In Drupal, Nodes come in different subtypes called Content Type. These let you define a type of content ("Article" and "Basic Page" are Drupal defaults and "Repository Item" is an Islandora specific example), the set of metadata fields that are attached to that content, and how those fields can be edited and displayed. Each Content Type is essentially a metadata profile that can be used for a piece of web content, or to describe a digital resource. You can create your own Content Types for your Islandora project or use a pre-defined one like Repository Item from the Islandora Starter Site. We will go over the metadata specific aspects of Content Types below, but for a fuller walk-through of creating a Content Type see here.
Not all Content Types in your Drupal site need be Islandora Resource Nodes. Making a Content Type a Resource Node will associate Islandora specific behaviours (such as syncing to Fedora or causing derivatives to be generated) with it. The decision to make a content an Islandora resource node is left to the discretion of the site manager. In Islandora, a "resource node" is usually considered a descriptive record for "a thing", and is conceptually similar to an "Islandora Object" in 7.x, i.e. a "Fedora Object" in Fedora 3.x and below. Read more on configuring a Content Type to be treated as a Resource Node.
The administrator will define the fields that are associated with a specific Content Type. The same fields can be applied to different Content Type, but the field display and editing configurations are unique to each Content Type. The names and definitions of these fields are specific to Drupal and do not have to correspond to an outside metadata schema. You will give each field a Label, Machine Name, and a specific Field Type, like Text, Integer, EDTF, or Entity Reference (see below). Specific to the Field Type you will then define the maximum length of the field, the number of values it can contain, and what taxonomies it might link to.
Fields can be added under Administration >> Structure >> Content types >> Your Content Type's Name >> Manage fields (/admin/structure/types/your_type/fields). This tab will list all Fields, their Label, Machine Name, Field Type, and give you the option to make what edits to the definition of that field that you can.
Certain decisions must be made when fields are created, and before any content is added, because they can not be changed later. Field Type can not be changed, so you wouldn't be able to change a text field to a taxonomy field after creation. The field's machine name also can't be changed. The number of values allowed in a field or its maximum length or type of item to reference (in the case of Entity reference fields) can not be changed after content has been added. You can, however, always add new fields to a Content Type, even after content has been added.
7.x Migration Note: What About My MODS XML?

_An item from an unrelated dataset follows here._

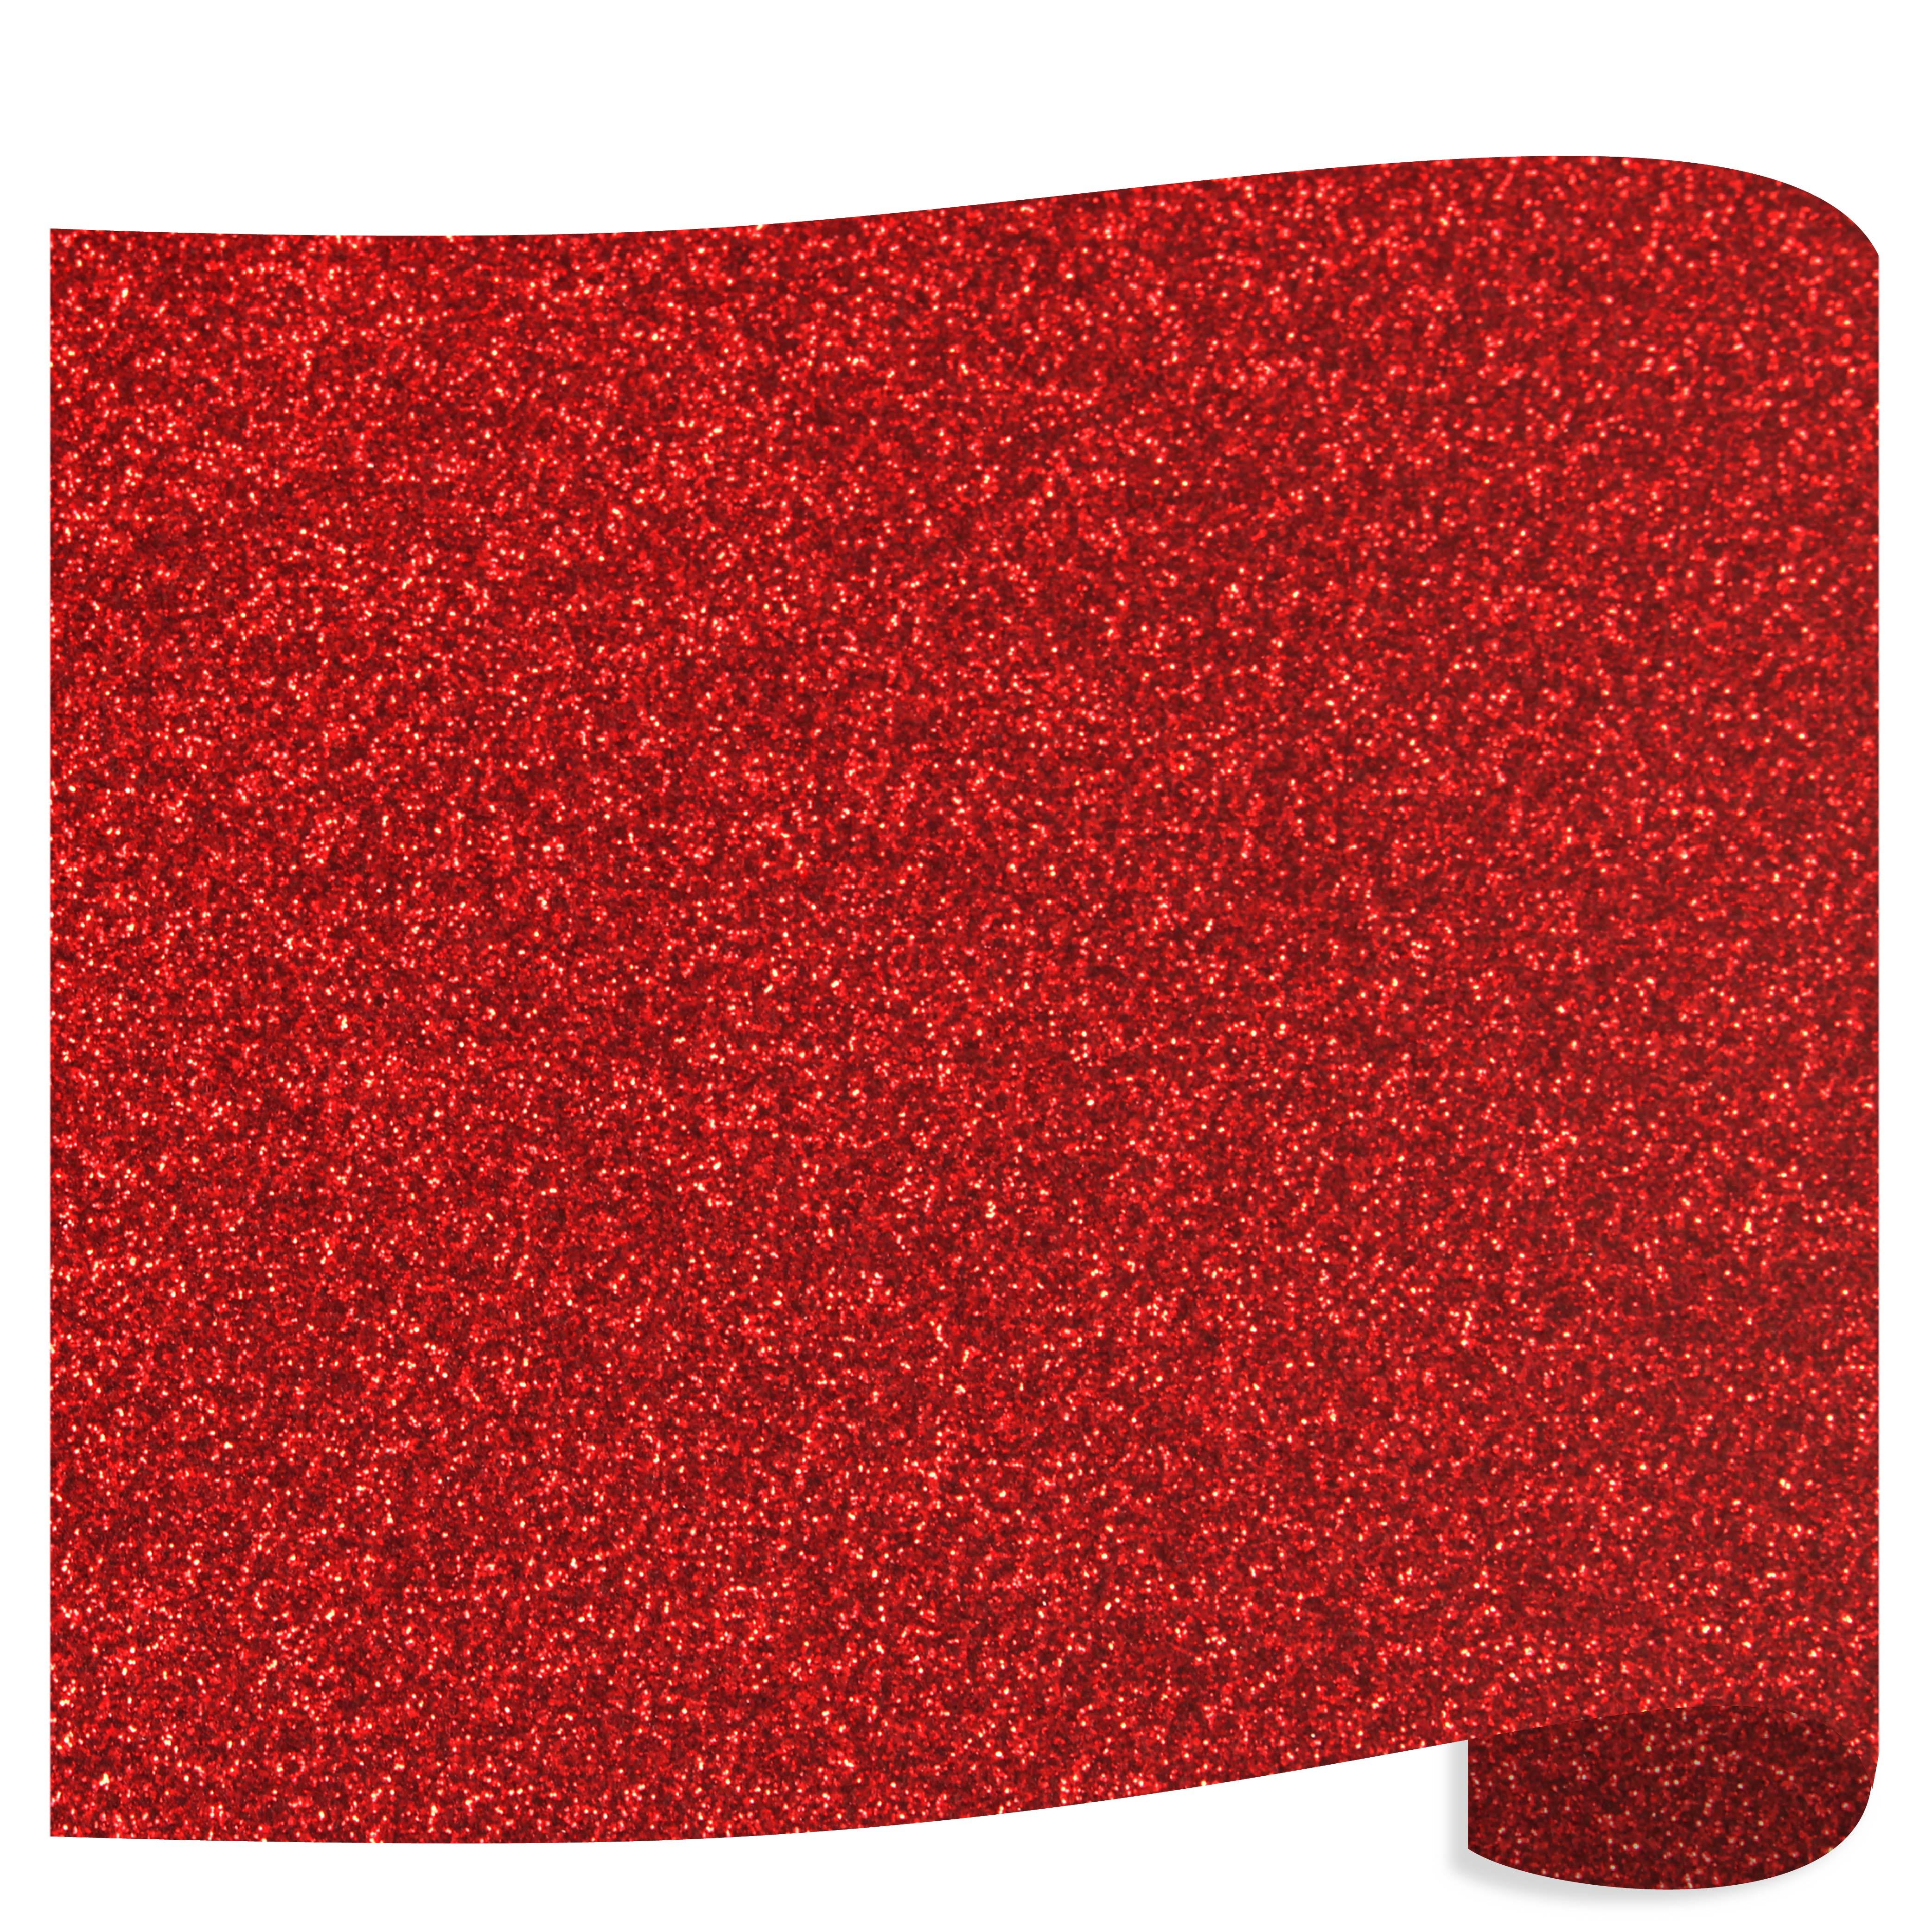 Siser Glitter Heat Transfer Vinyl (HTV) - Red

Even when using the Islandora Starter Site, there is no "official" metadata schema in Islandora. Where Islandora 7.x used MODS, and took advantage of its hierarchical/extensible structure, Drupal Fields are a flat structure working with distinct, individual elements. You can base your fields on those in MODS, or any other schema, but that structure is up to you. The Metadata Interest Group has developed a sample MODS-Drupal-RDF mapping, which provides a structure upon which you can build your Drupal fields. It is used by the Repository Item Content Type in the Islandora Starter Site.
You Cannot Change The Content Type Of A Node
Once a node is created, its Content Type cannot be changed. Just as you are unable to change many aspects of a Field once it has been created, once a node has been created it is now permanently of that Content Type and the fields associated with it. At that point your only option would be to create a new node of the intended content type, map the field values (programmatically or by copy-paste), and update any media or children that refer to the old node to refer to the new one.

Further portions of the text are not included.